■ **YOUR GOAL**
Print the lines in the listing below starting at the line with "Free Electrical Designer" and ending at the line with "Dsquared2 Eyewear D2", both included. Reproduce them exactly and omit every picture.

■ **GIVEN DATA**
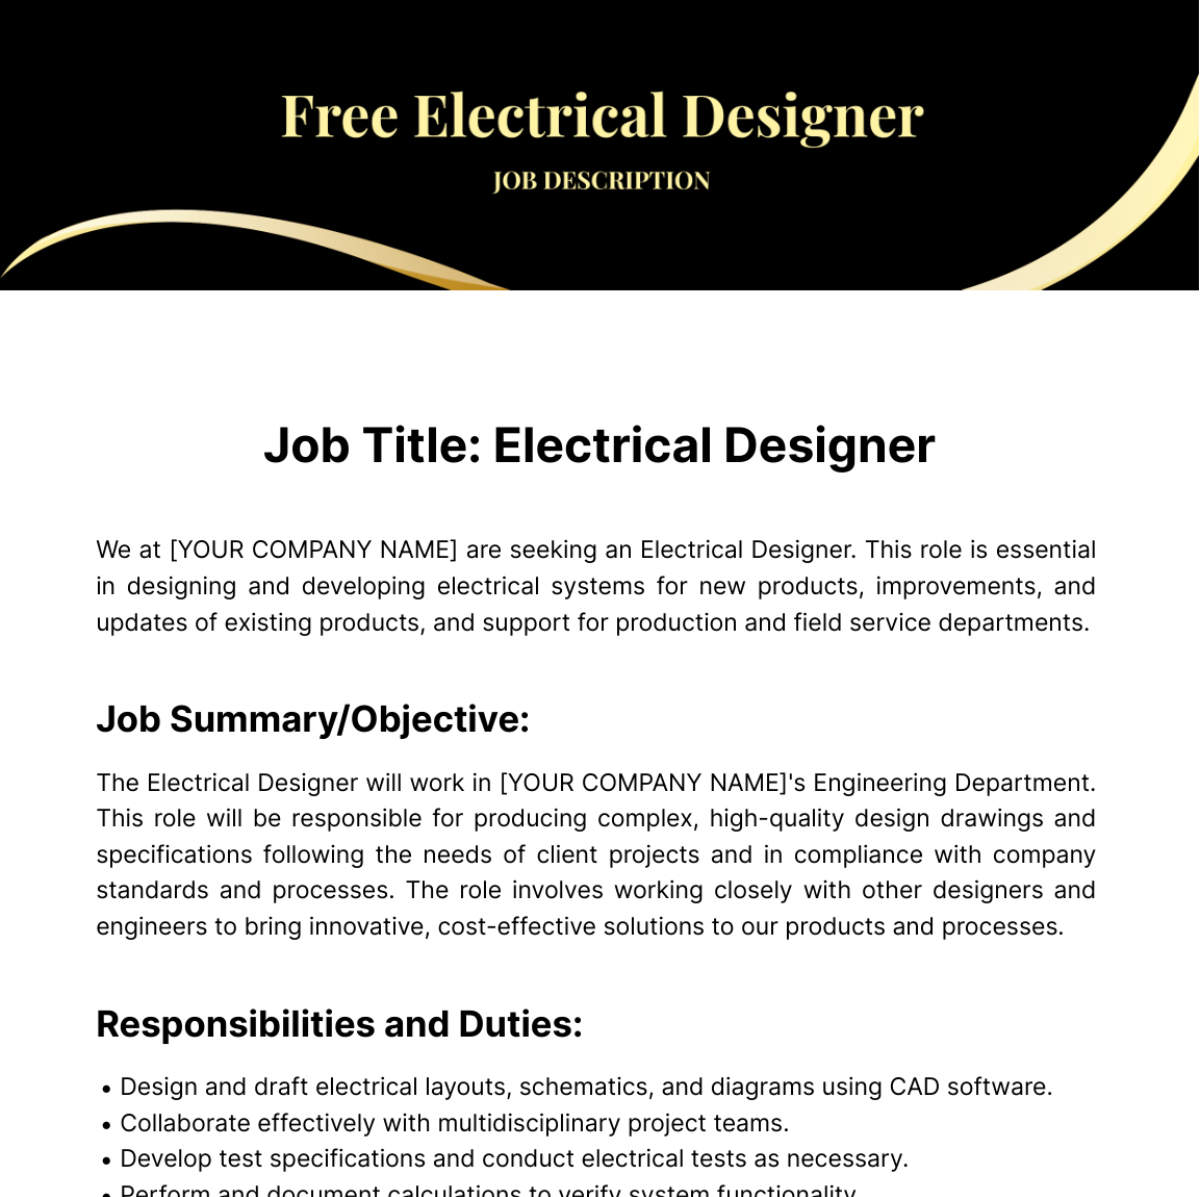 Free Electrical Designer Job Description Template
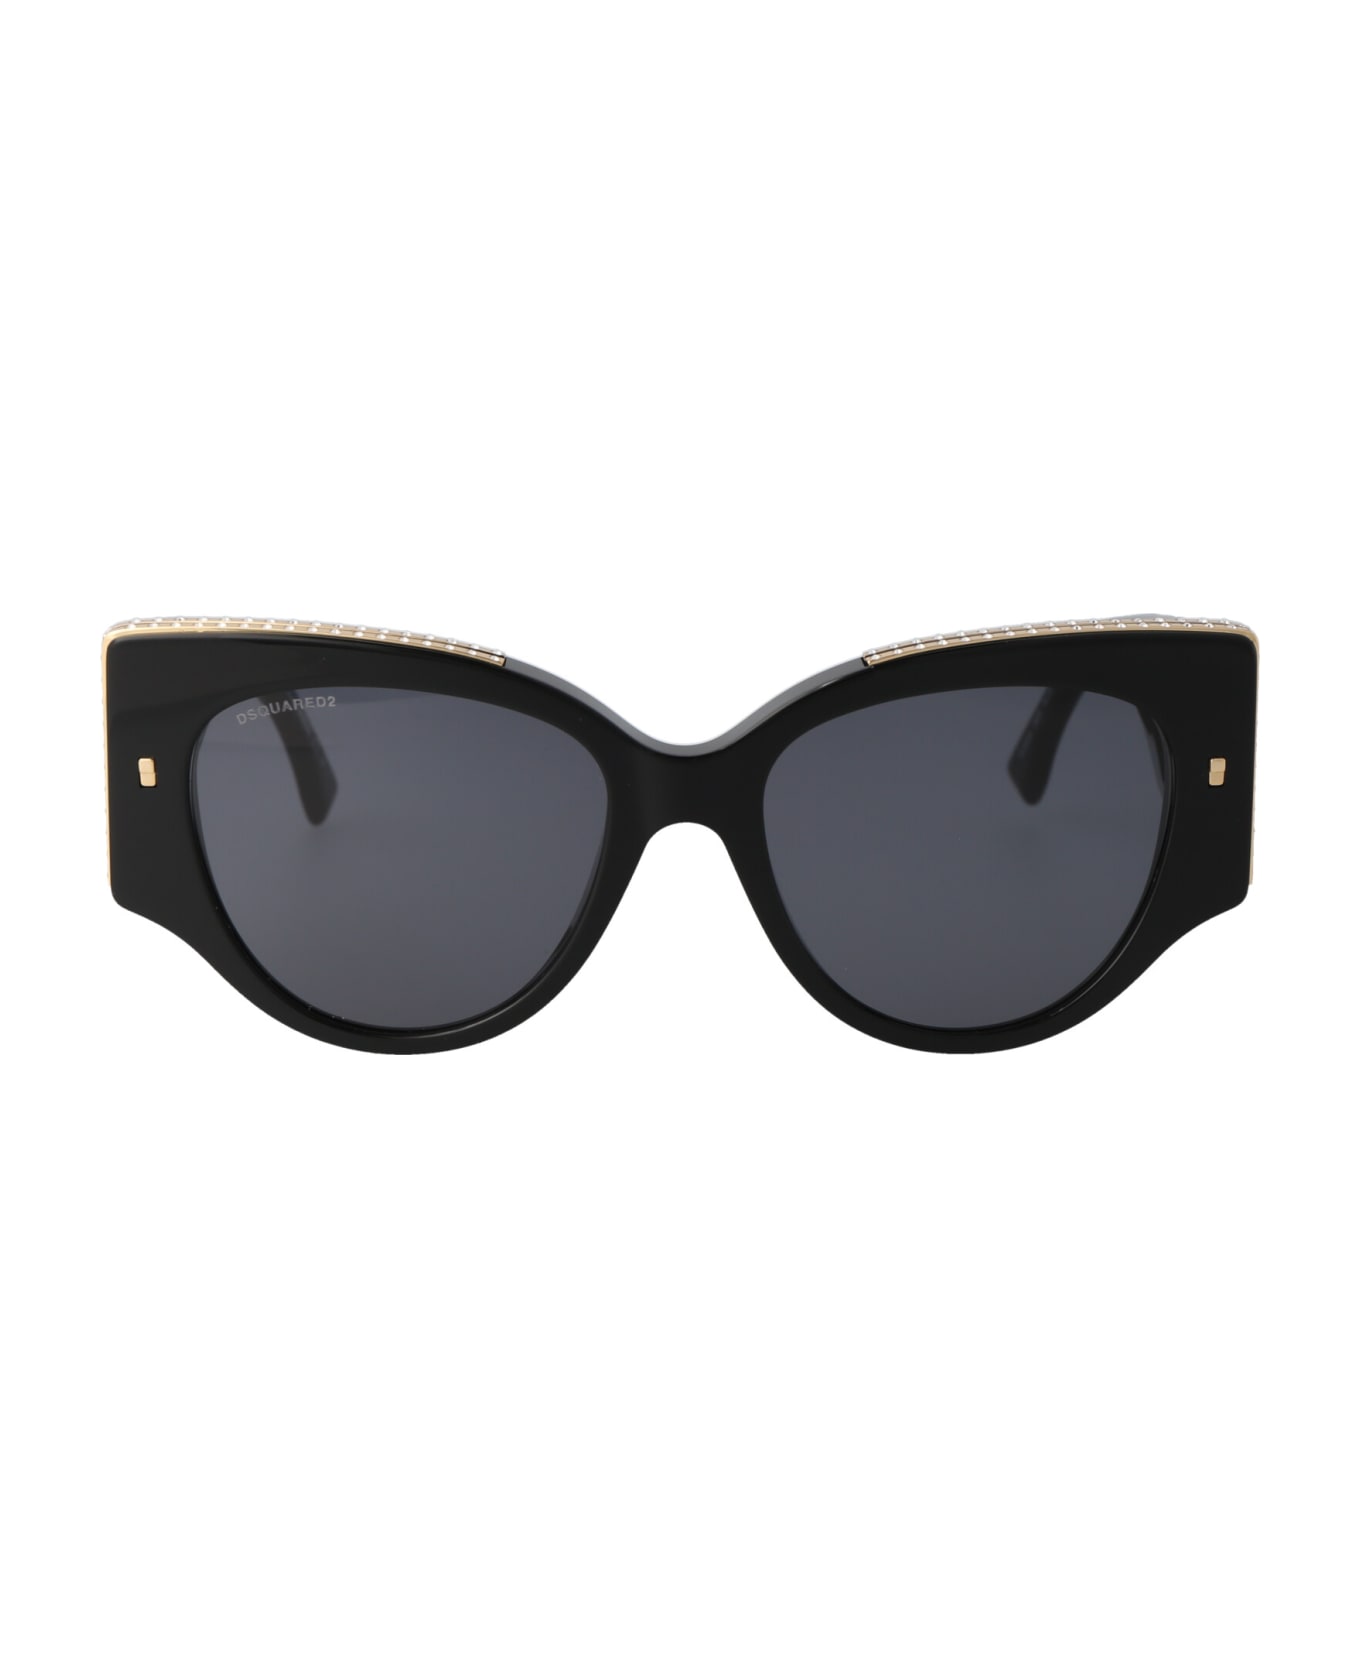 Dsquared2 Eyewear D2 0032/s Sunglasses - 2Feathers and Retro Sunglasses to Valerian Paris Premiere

==

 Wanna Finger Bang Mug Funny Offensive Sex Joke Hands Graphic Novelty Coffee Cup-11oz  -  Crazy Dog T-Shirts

■ **RESPONSE AREA**
 Free Electrical Designer Job Description Template
 Dsquared2 Eyewear D2 0032/s Sunglasses - 2Feathers and Retro Sunglasses to Valerian Paris Premiere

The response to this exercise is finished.